Talk of the common good is exactly where Bishop Welby is at, ethically. He cites Pope Leo XIII’s 1891 letter Rerum Novarum as the greatest influence over his moral thinking. In this letter, a response to the exploitation of workers in industrial societies, the Pope sets out that the job of the state is to provide for the benefit of all, not least the most dispossessed. Though it rejects socialism, the theology it advocates lays out what later came to be called a preferential option for the poor: “The interests of all, whether high or low, are equal. The members of the working classes are citizens by nature and by the same right as the rich; they are real parts, living the life which makes up, through the family, the body of the commonwealth … therefore the public administration must duly and solicitously provide for the welfare and the comfort of the working classes; otherwise, that law of justice will be violated which ordains that each man shall have his due.”

There is also an interesting discussion about how Christianity is intertwined with capitalism- how the cultural inheritance of Christianity made us who we are, including our greed and excess;

(He quotes a) letter from the economist John Maynard Keynes to Virginia Woolf. The Bishop tries to recite the quote from memory: “We are the lucky generation, we have inherited the benefits of our father’s faith but don’t have the moral obligations.
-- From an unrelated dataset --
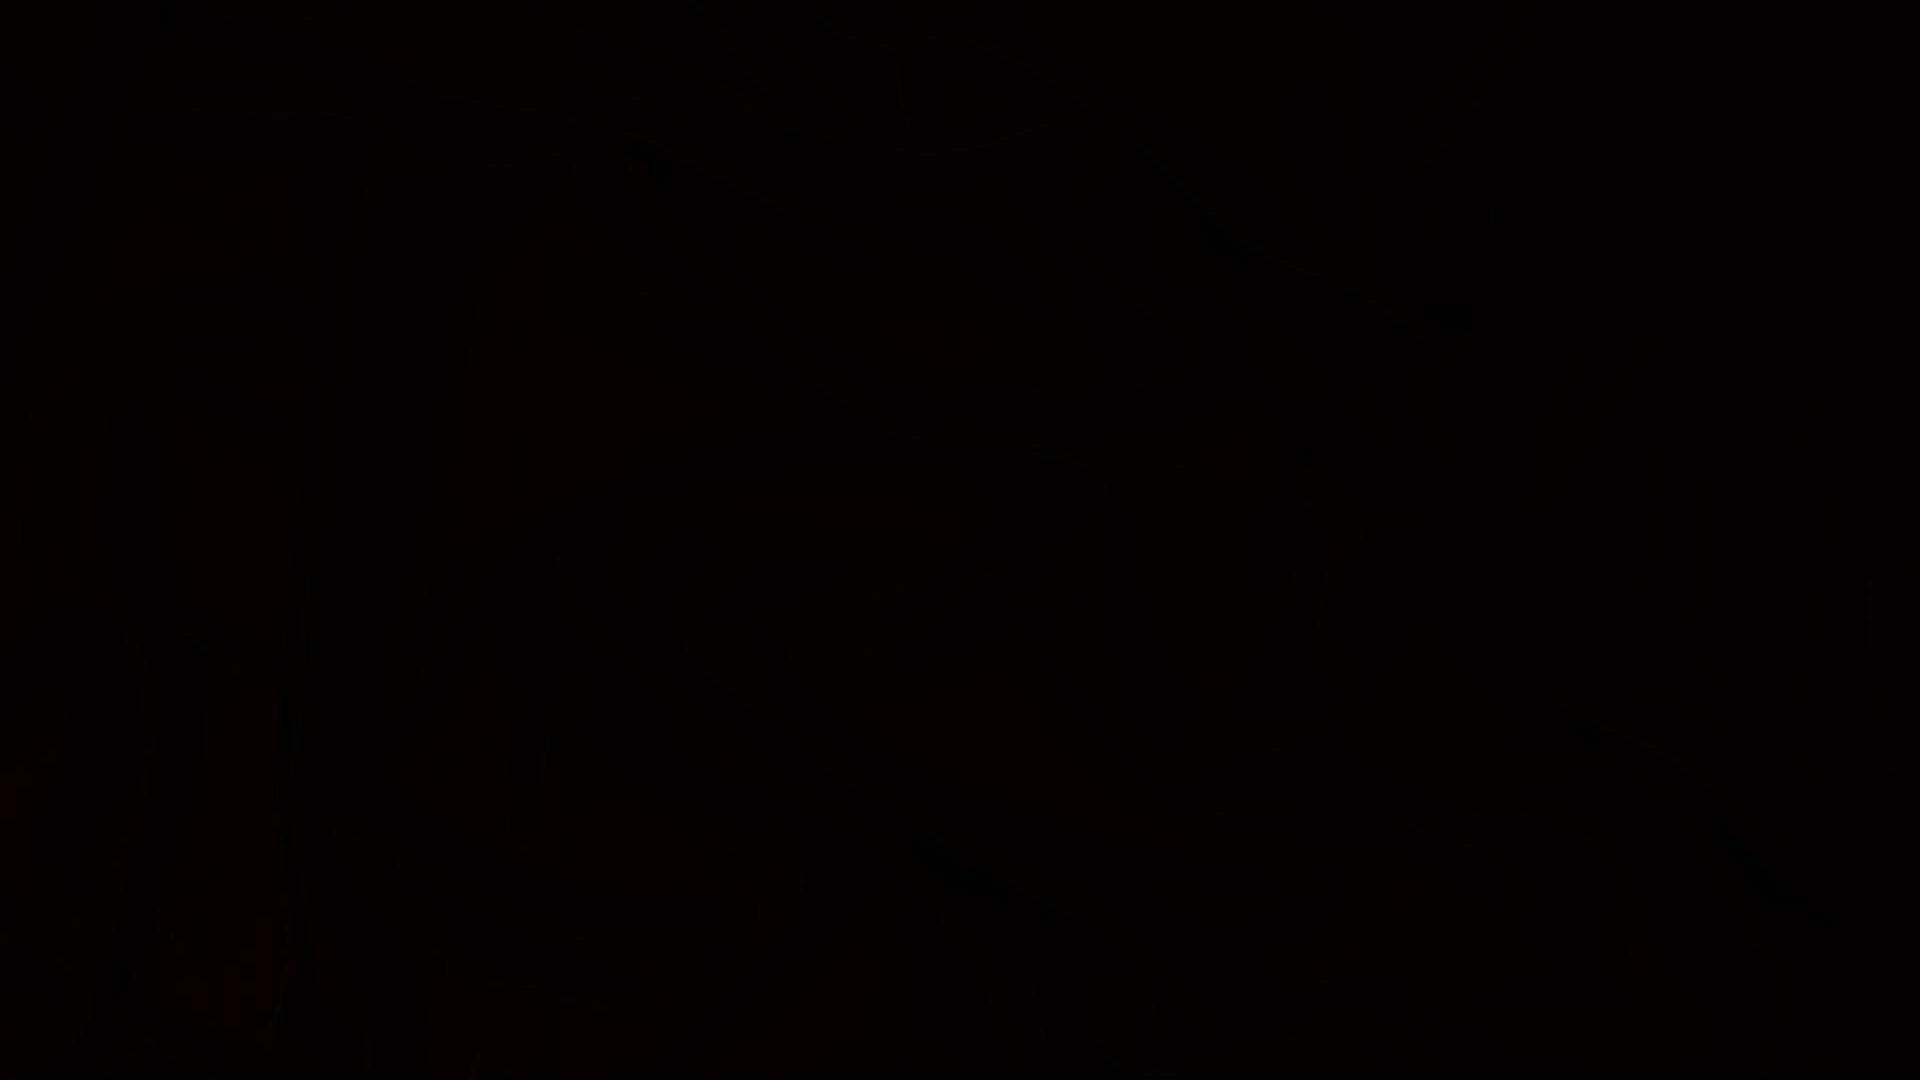 Black Wallpaper 1080p Wallpapertag

The next generation will be lost in their lust like dogs. We have destroyed Christianity, they will reap the cost of that.” In other words, Welby suggests we are living off and running down the cultural capital of Christianity. I point out to him that Stephen Green (Rev’d Stephen Green, now Lord Green, trade minister and author of Good Value, a book about ethics and finance) ran HSBC when it was laundering Mexican drug money, and Roman Catholic John Varley was CEO of Barclays. Christianity may offer little mitigation against City wrongdoing or morally significant mistakes.

Can Christianity, through the voice of people like Justin Welby, really start to become the faithful, engaged critics of our generation? Can we propose or model a real live alternative? This is my hope, although what this alternative may be is still so hard to visualise, so entwined are we with the culture we have both spawned and feed from.

How to change the world…

Young people ought to want to change the world, so that they can remind the rest of us that we used to want to as well.

So rise up, generation coming- tear down walls and stand in front of tanks.

Saw this today from the minimergent;

The first step – especially for young people with energy and drive and talent, but not money – the first step to controlling your world is to control your culture. To model and demonstrate the kind of world you demand to live in. To write the books. Make the music. Shoot the films. Paint the art.